Agenda item

Community Based Support Service for People with Dementia and their Families

(To receive a report by Karley Beck, Senior Commercial and Procurement Officer, which invites the Committee to consider a report on the re-commissioning of the Dementia Community Support Service which is due to be considered by the Executive Councillor between 15 – 29 April 2019)


The Committee received a report which invited members to consider the a report on the re-commissioning of a community based Dementia Support Service, which was due to be considered by the Executive Councillor between 15 – 29 April 2019.


Members were advised that the Council currently commissioned a dementia Family Support Service, which was provided by the Alzheimer's Society and the contract was due to end on 30 September 2019.  It was reported that the aim of the service was to offer support and guidance for people with dementia to live at home independently for longer and to ensure that people were better enabled to live well with dementia through provision of meaningful support and services, in turn preventing crises, unscheduled hospital admissions and premature transition in long term residential care.  The current service provided support to only those people who had a diagnosis of dementia.  The service also provided support and guidance to family and carers of people with dementia so that they could support the person with dementia to continue in their caring role and maintain their own health and wellbeing.


Members were provided with an opportunity to ask questions to the officers present in relation to the information contained within the report and some of the points raised during discussion included the following:

·         It was queried whether it was correct that people who had a diagnosis of dementia or were caring for someone with dementia were eligible for an exemption from council tax.  It was confirmed that this was true, and it was the sort of information that the service would help people to find out.

·         When people were diagnosed early, they would be sign posted to this service, as there was a lot that could be done to help people live well with dementia.

·         This service would allow flexibility, and assurance was sought that both the elements proposed would not exceed the budget allowance.  It was noted that there would be a need for a conversation with health colleagues if there was a spike in the diagnosis rates, and an increase in funding would be requested.  However, there was capacity within the existing budget.  Early diagnosis was stressed.

·         It was queried why the cost per person was so much lower in east Sussex, and it was noted that they were achieving better value through delivering to more people.  East Sussex was used as an example as it was the most comparable to Lincolnshire in terms of the service to be commissioned.  There were particular challenges in relation to Lincolnshire's Rurality.

·         It was hoped that this service would also benefit those people with a mild cognitive impairment as well as those with a diagnosis of dementia.

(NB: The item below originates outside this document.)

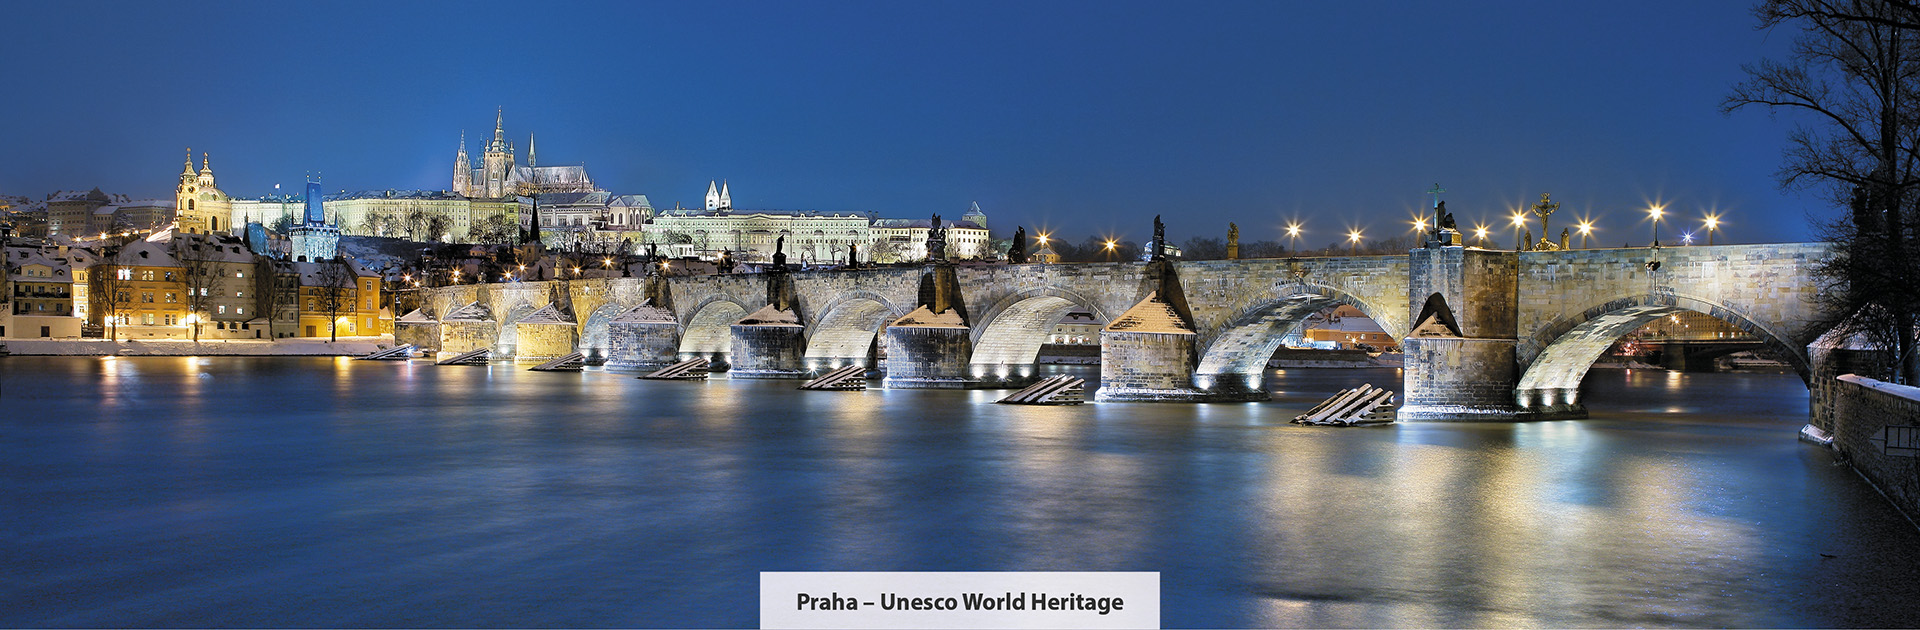 Praha, zimni pohled na Karlův most, zdroj: Libor Sváček, archiv Vydavatelství MCU

·         Members were advised that it was a complex process to get a diagnosis of dementia and involved a series of scans, and often by the time that people got diagnosed it was too late to get the support that could prevent the serious complications.  There was a lot that could be done in the early stages, such as advice and planning and the patient being able to make decisions for their future.

·         It was queried whether people with dementia were able to access grants for improving their home, however, members were advised that this sat outside of the budget for this service but they could be signposted to relevant services.

·         It was important that the service was measured by robust performance indicators.

·         It was commented that there seemed to be an increasing number of people needing the service, but not an increasing budget.  It was noted that the challenge was that the Council did not make the diagnosis, and NHS colleagues were relied on for this.  There was a national focus on dementia and CCG's were under pressure to perform and meet targets for dementia diagnoses.  However, it was believed that there was enough capacity within the contract to manage an increase of 2% to match the national targets.  The important of integrated working with the NHS and others was stressed.

·         It was confirmed that the service was free at the point of delivery.

·         The figure of 11,000 people living with dementia in Lincolnshire came from a number of sources, including the historical trends, projections and hospital records etc.




1.    That the Committee supports the recommendations to the Executive Councillor as set out in the report, including a suggestion that the proposed service be called the 'Dementia Support Service' rather than 'Dementia Community Support Service'.

2.    That the Committee's comments be passed to the Executive Councillor in relation to this item, including the importance of early diagnosis; the effect of rurality on service delivery; the importance of performance information; and the importance of integration with health and other commissioned care services.